After being denied entry to Thailand, Myanmar beauty queen who criticized junta granted asylum in Canada

(L) Han Lay speaking at Miss Grand International 2021 Screenshot: Miss Grand International. (R) Photo: @hann_may/Instagram
(L) Han Lay speaking at Miss Grand International 2021 Screenshot: Miss Grand International. (R) Photo: @hann_may/Instagram

Han Lay, the 2020 winner of the Miss Grand Myanmar contest who used her platform to denounce the military junta, has been granted asylum in Canada and flew there yesterday from Thailand, where she had been stuck in legal limbo since last week after she was denied entry into the country.

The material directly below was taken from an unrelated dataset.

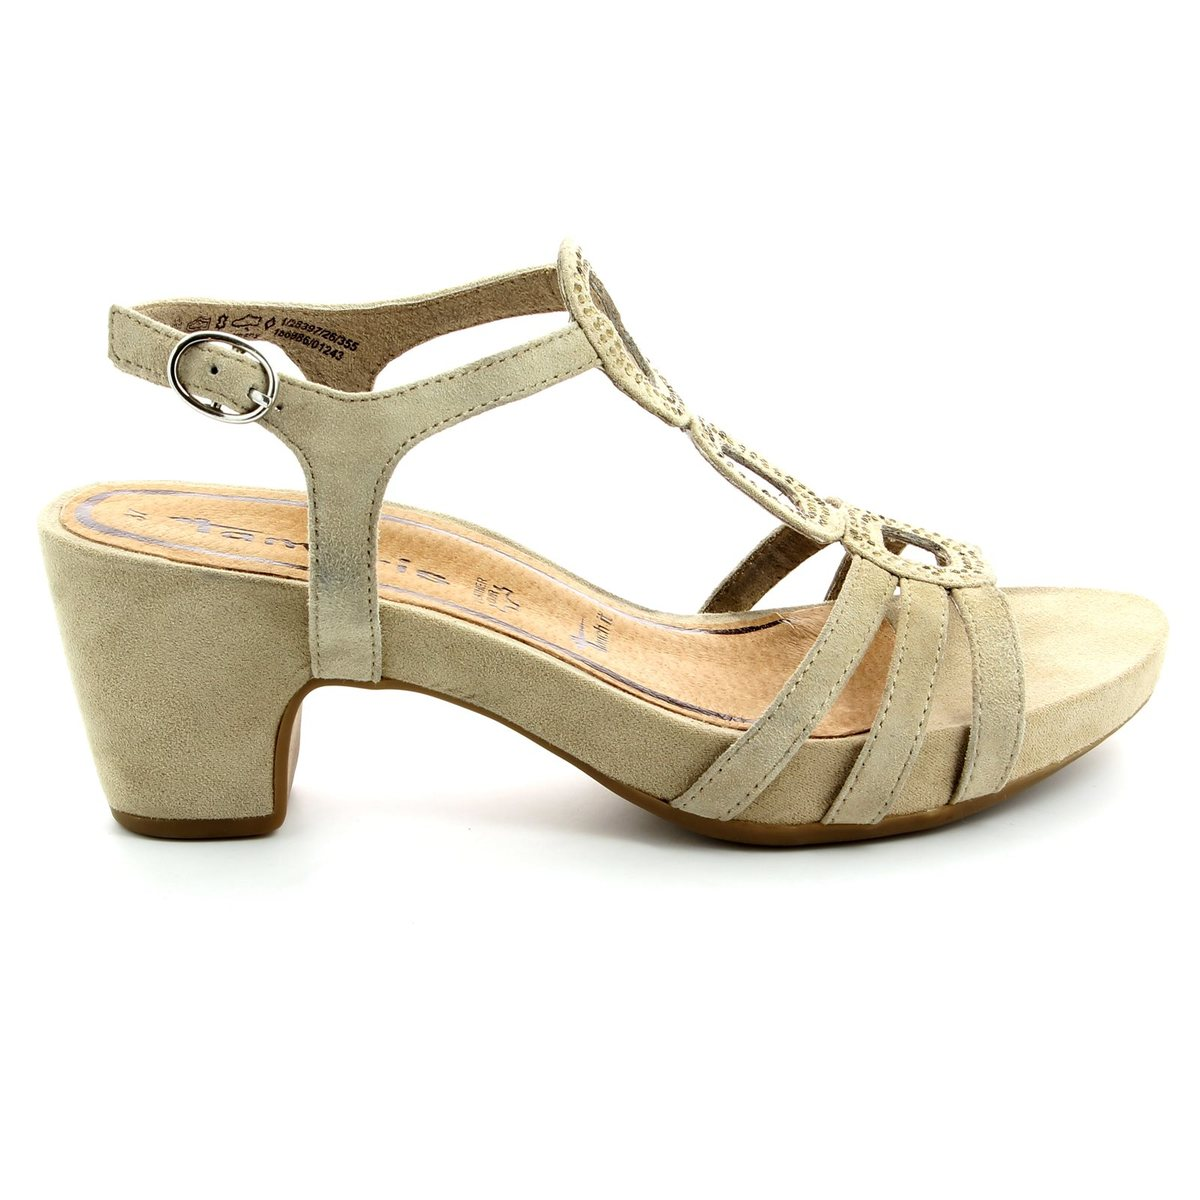 tamaris jule 28397 355 beige heeled sandals. Black Bedroom Furniture Sets. Home Design Ideas

The 23-year-old model, who was among the finalists in the Miss Grand International competition that took place in Thailand in March 2021, used her time in the pageant’s spotlight to talk about the brutality of the junta that had recently taken over her country and call for international assistance for her people. She praised the bravery of those protesting the regime but spoke of the “indescribable sadness and sorrow” she and everybody in Myanmar felt, breaking down in tears at one point. 

After the competition was over, Han Lay decided to stay in Thailand rather than return to Myanmar and risk retaliation by the junta. She reportedly resided there until last week, when she was denied reentry to the country after a trip to Vietnam.

Han Lay told Thai PBS that she was refused entry by immigration officials due to a problem with her passport and because her name was on Interpol’s red list after the junta informed the international law enforcement agency that her passport had gone missing in Vietnam.

Although she reportedly wished to stay in Thailand, Han Lay began seeking asylum status in other countries. Thai authorities told the Bangkok Post that she had been granted asylum in Canada and left the country on a flight to Toronto yesterday.

In a statement, Human Rights Watch’s deputy Asia director Phil Robertson said that Han Lay “… was the victim of a deliberate political act by the junta to make her stateless when she flew back from Vietnam to Thailand last week. All these polite, diplomatic mentions about a so-called “issue” with her passport cannot hide the fact her passport was fine to leave Thailand, and to enter and exit Vietnam, before she encountered a problem seeking to re-enter Thailand at Suvarnabhumi Airport.”

“There is no doubt that what transpired was a trap to try to force Han Lay to return to Myanmar, where she would have faced immediate arrest, likely abuse in detention, and imprisonment.”

“Fortunately, she got good advice to stay put at the airport, and wait for the kind of protection she needed. This was a victory for rights, and refugee protection,” he added.